* **Action item**: Copy out the data below as written; omit any images.

* **Source material**:

[Start of section]

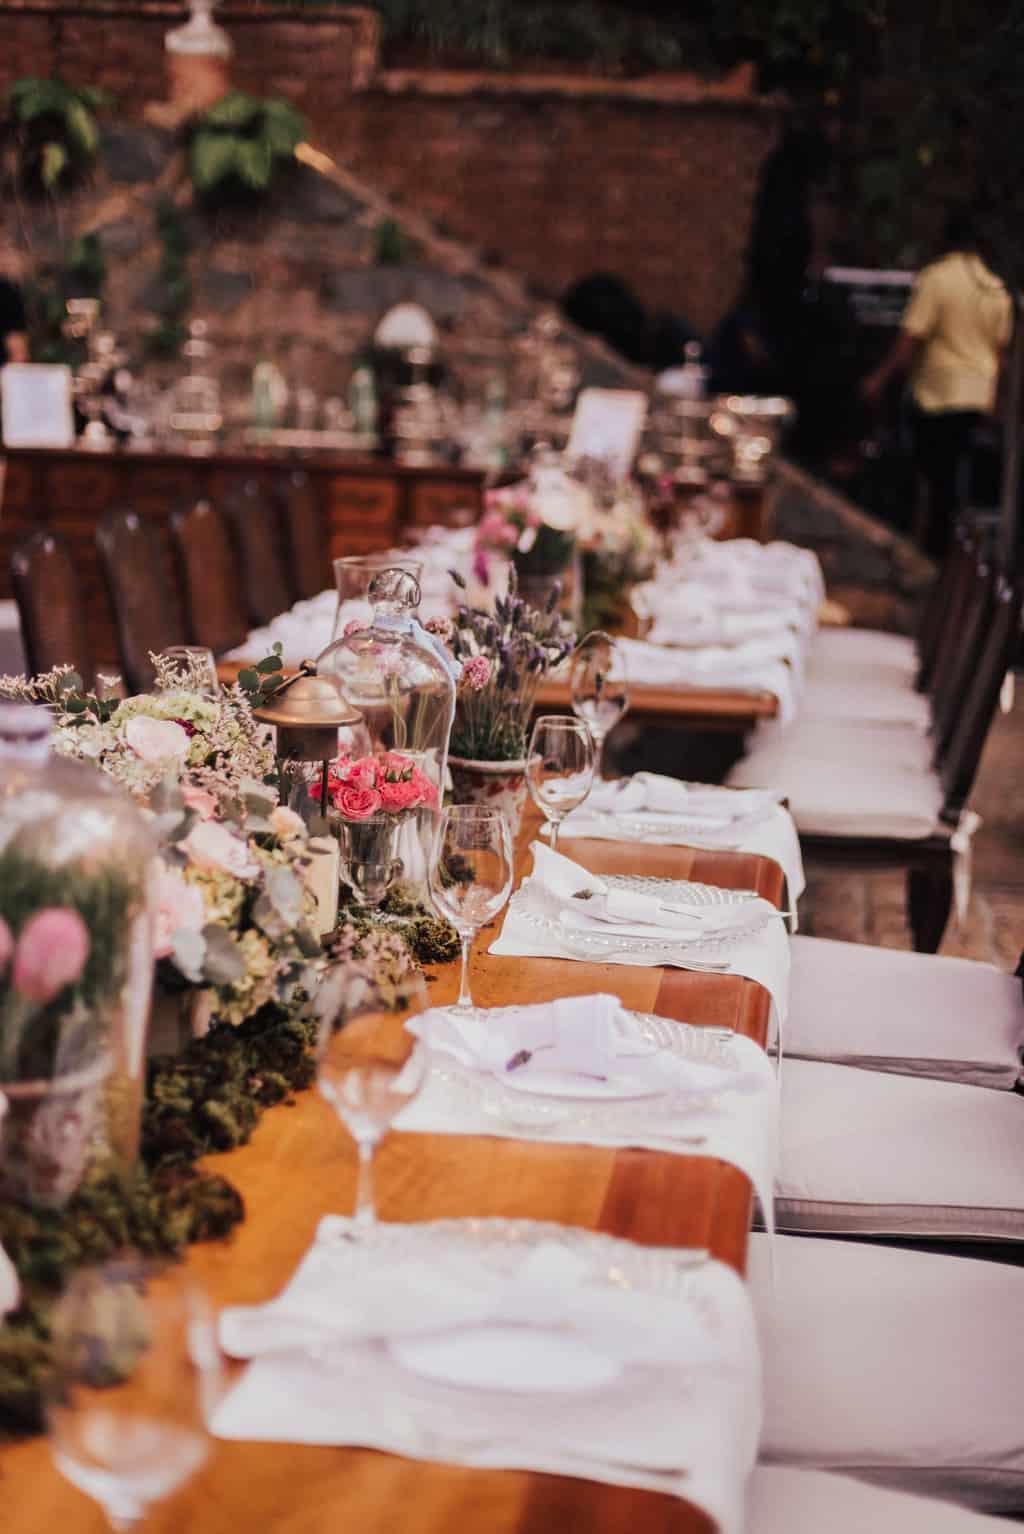 Boutique-de-Cena-casamento-Rebeca-e-Eldrey-Fazenda-Vila-Rica-Fotografia-Mana-Gollo-mesa-dos-convidados-Toda-de-Branco39
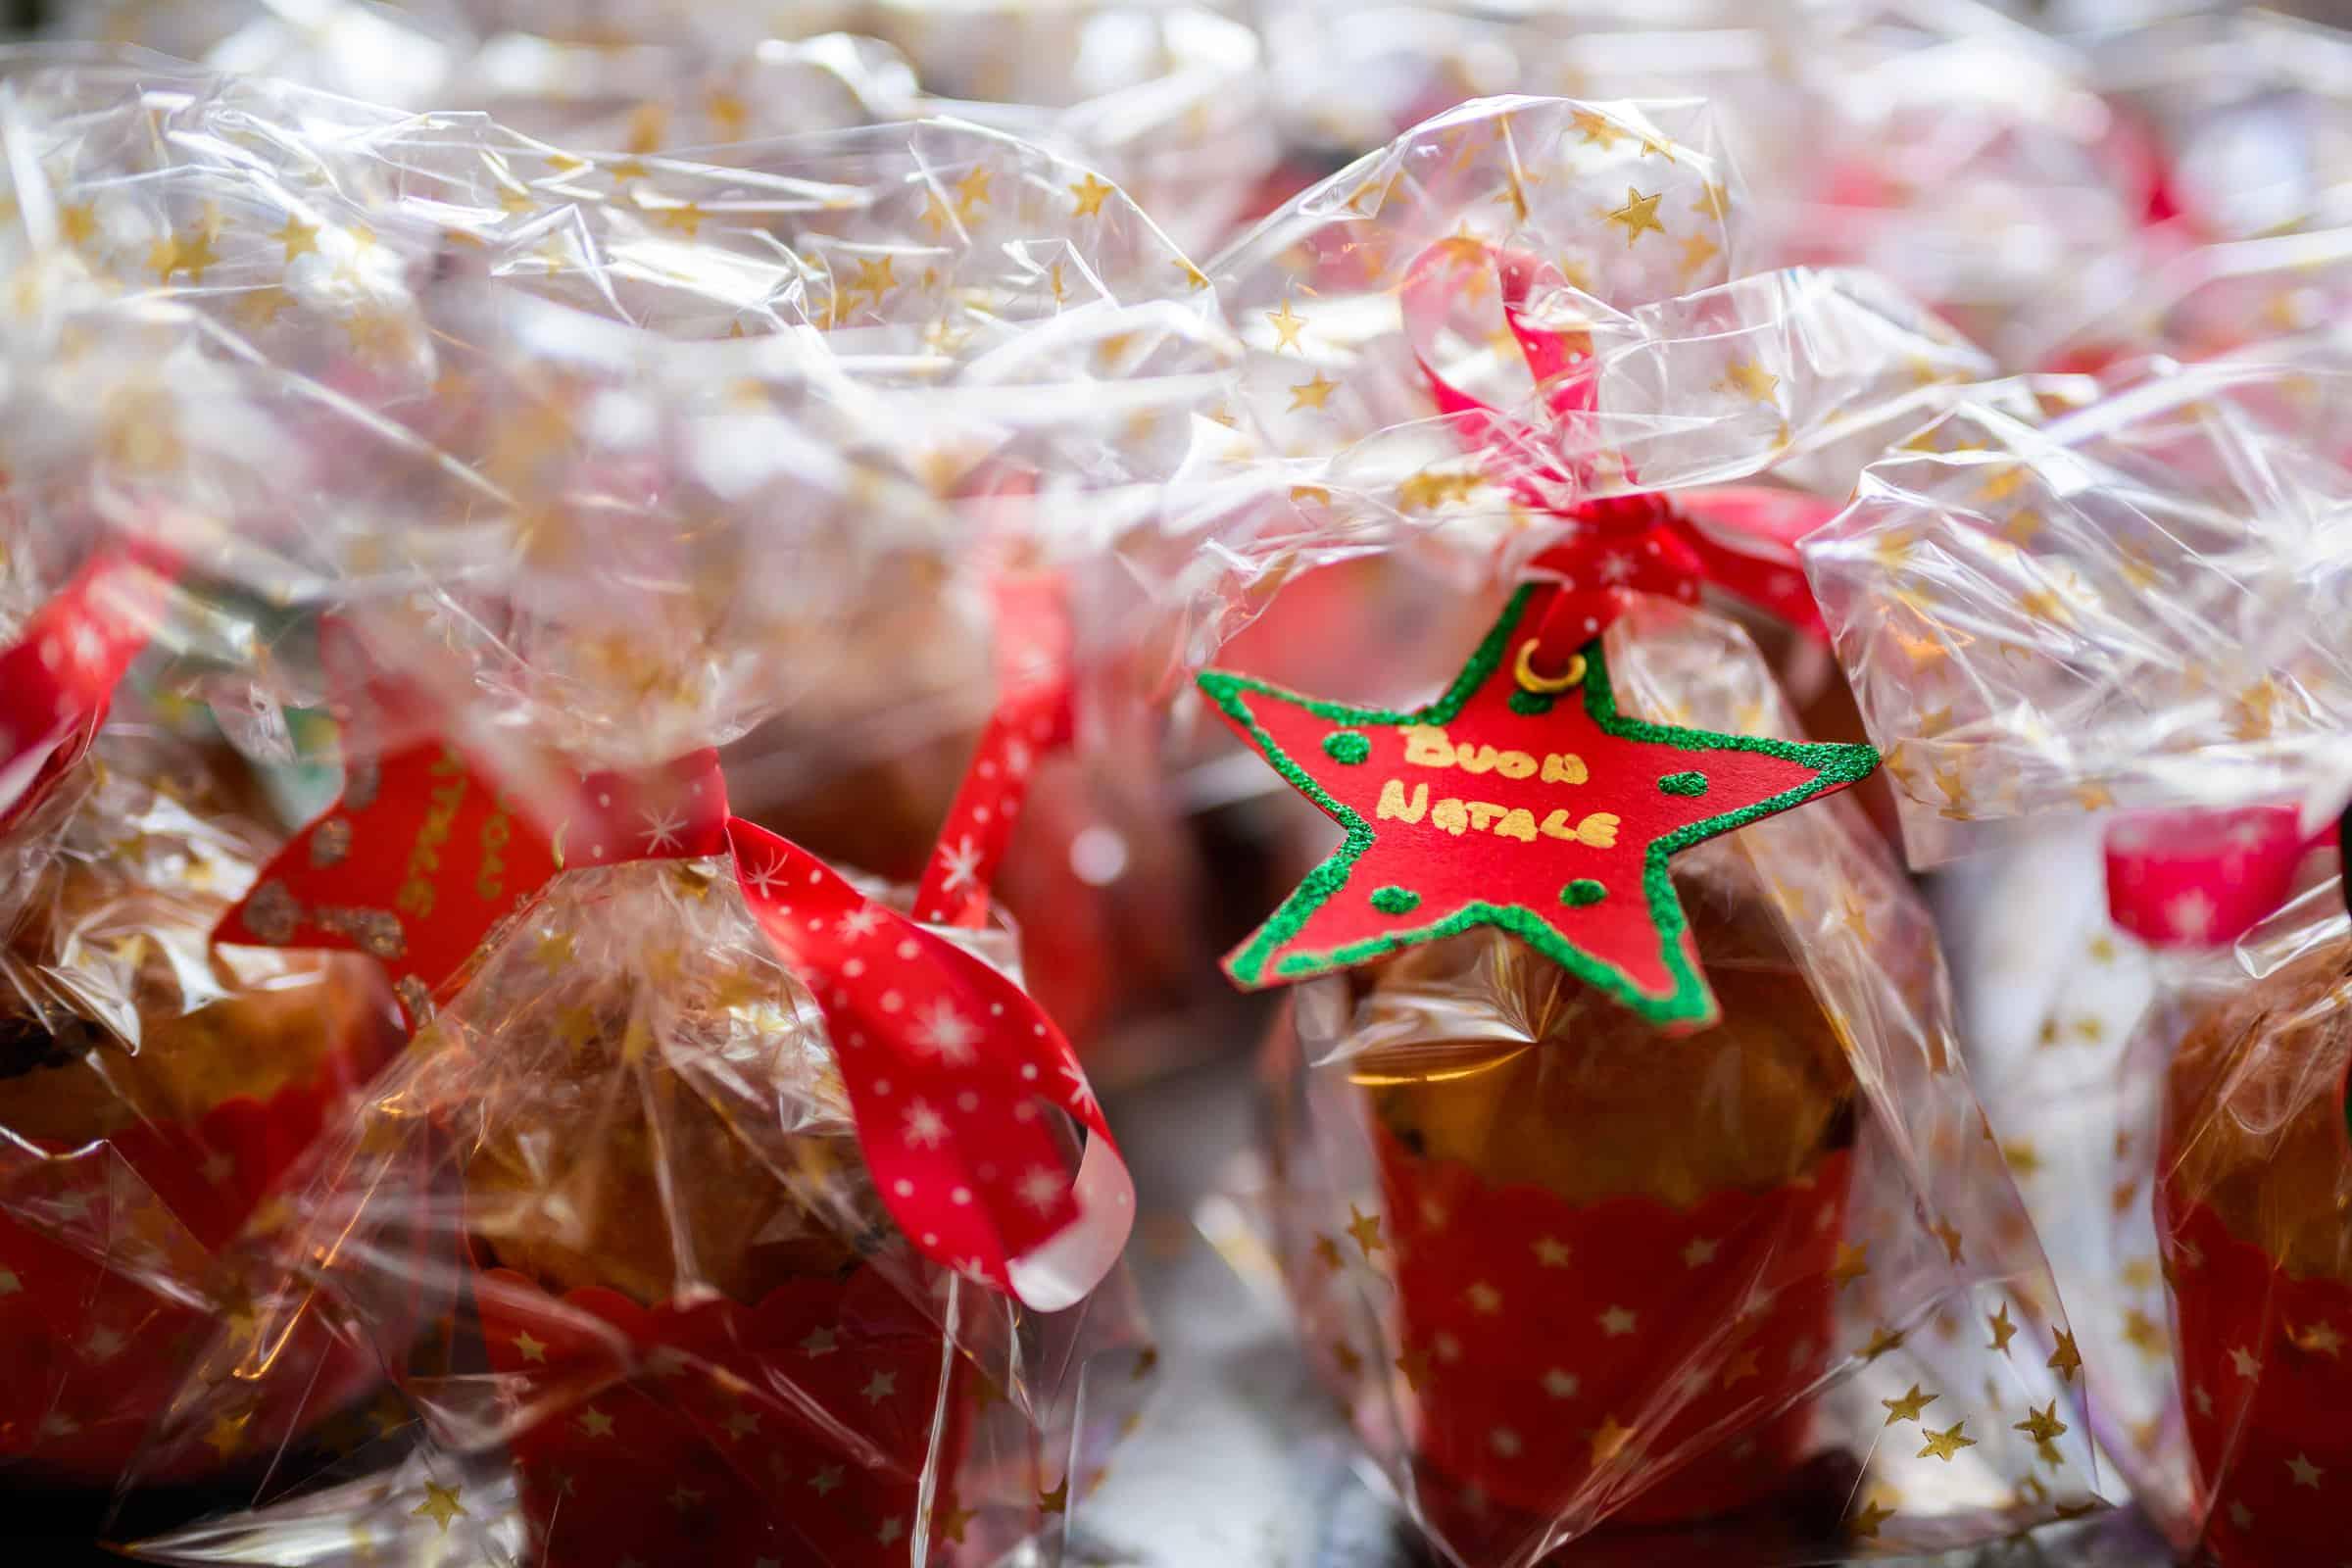 Ricetta Mini Panettoni regalo Buon Natale GnamAm.com
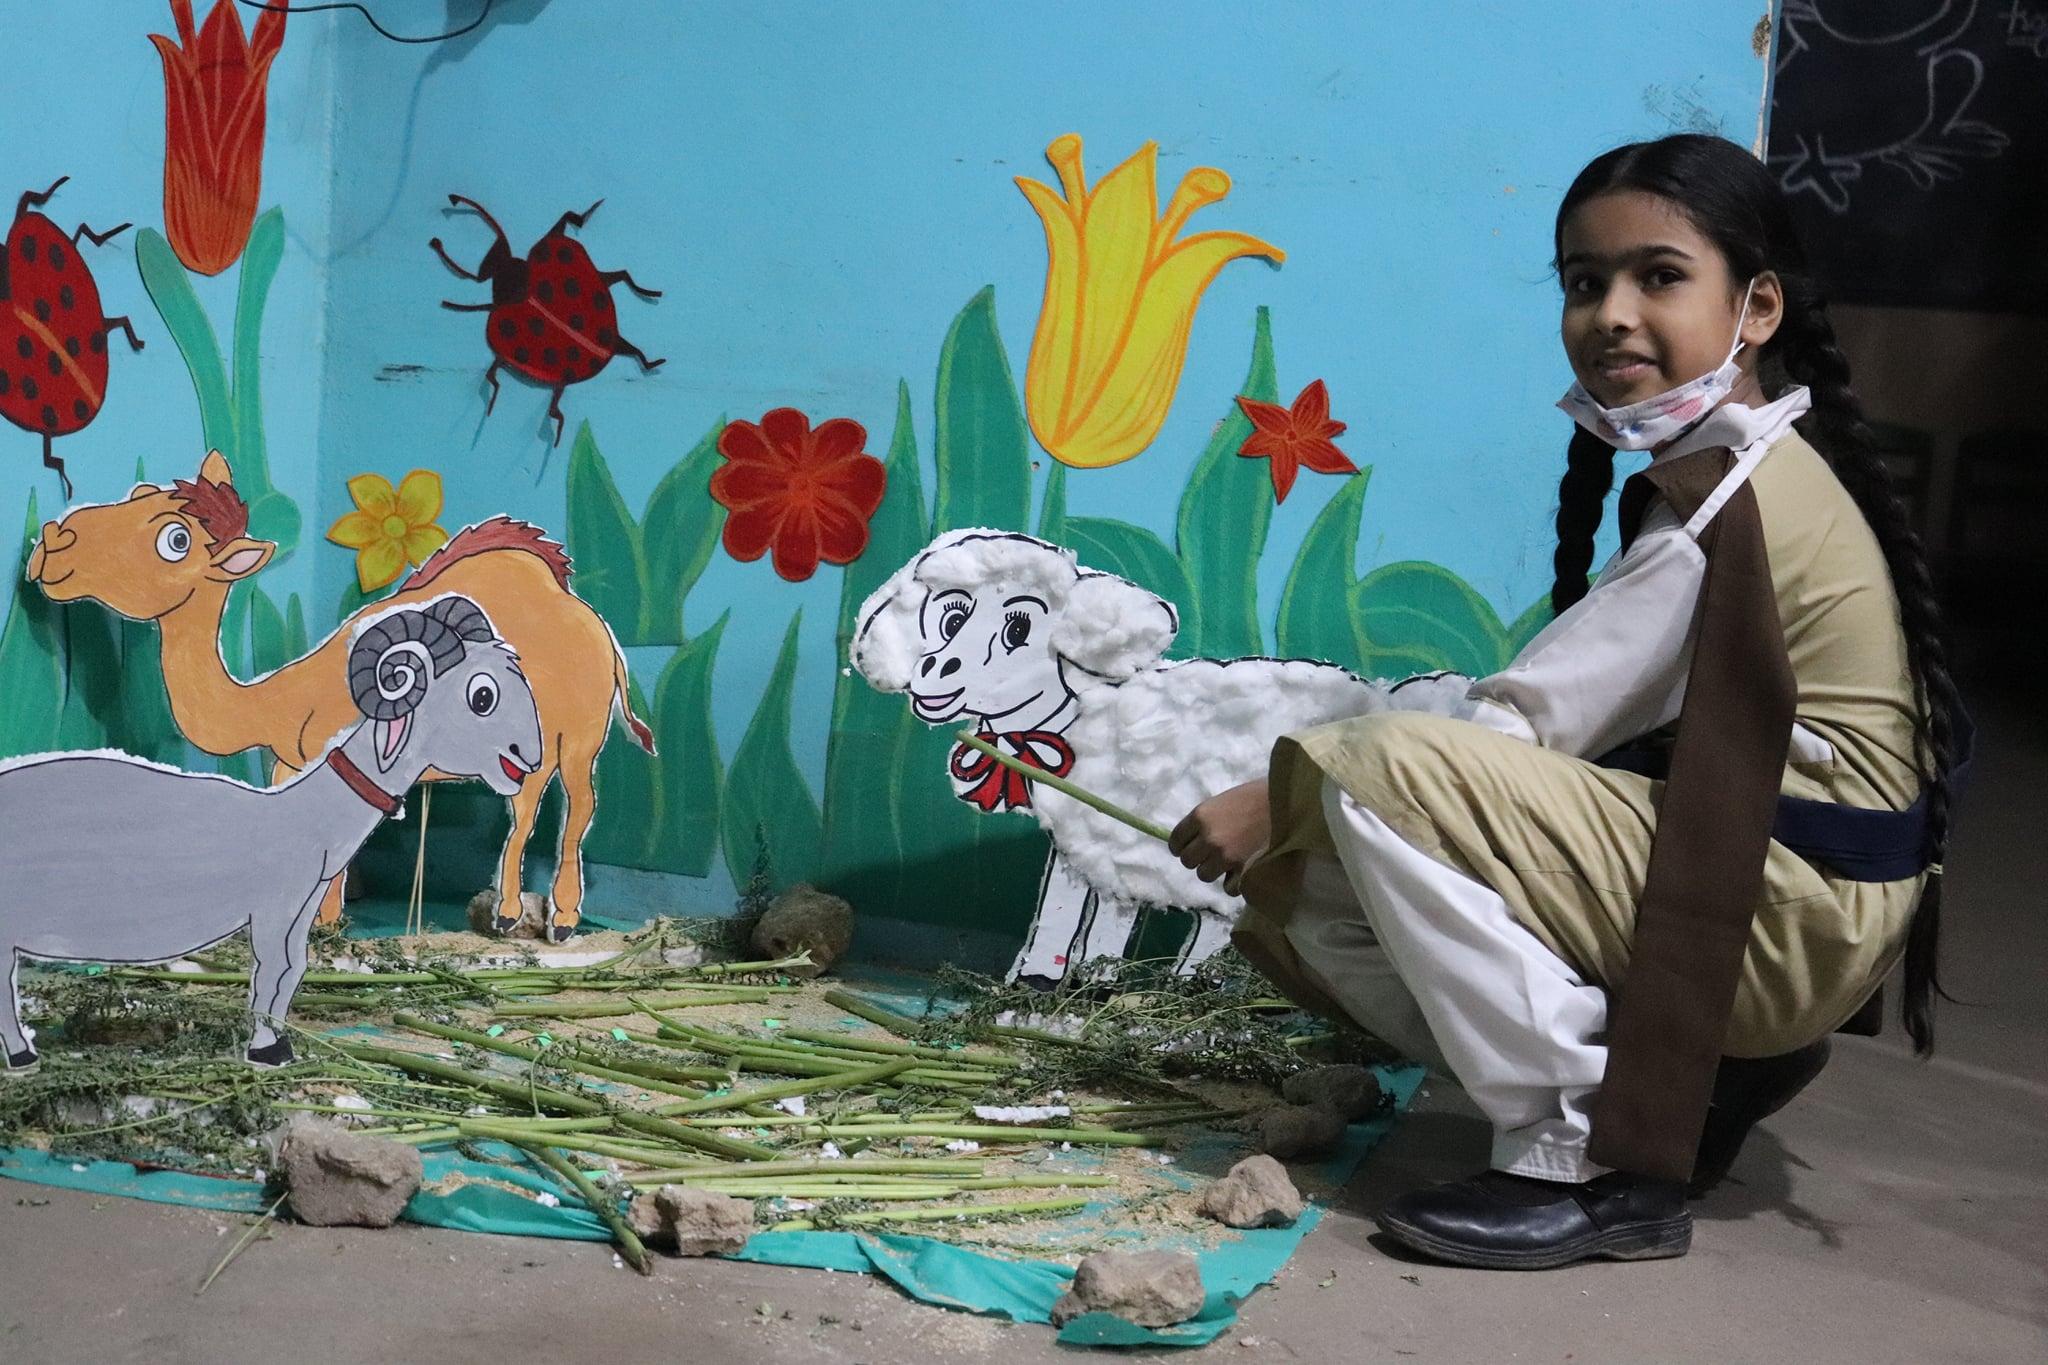 Rose Educational Society Arranged an Eid ul Azha Activity in Red Rose Grammar School Khadda.

[End of section]

* **Result of the exercise**:
 Boutique-de-Cena-casamento-Rebeca-e-Eldrey-Fazenda-Vila-Rica-Fotografia-Mana-Gollo-mesa-dos-convidados-Toda-de-Branco39
 Ricetta Mini Panettoni regalo Buon Natale GnamAm.com
 Rose Educational Society Arranged an Eid ul Azha Activity in Red Rose Grammar School Khadda.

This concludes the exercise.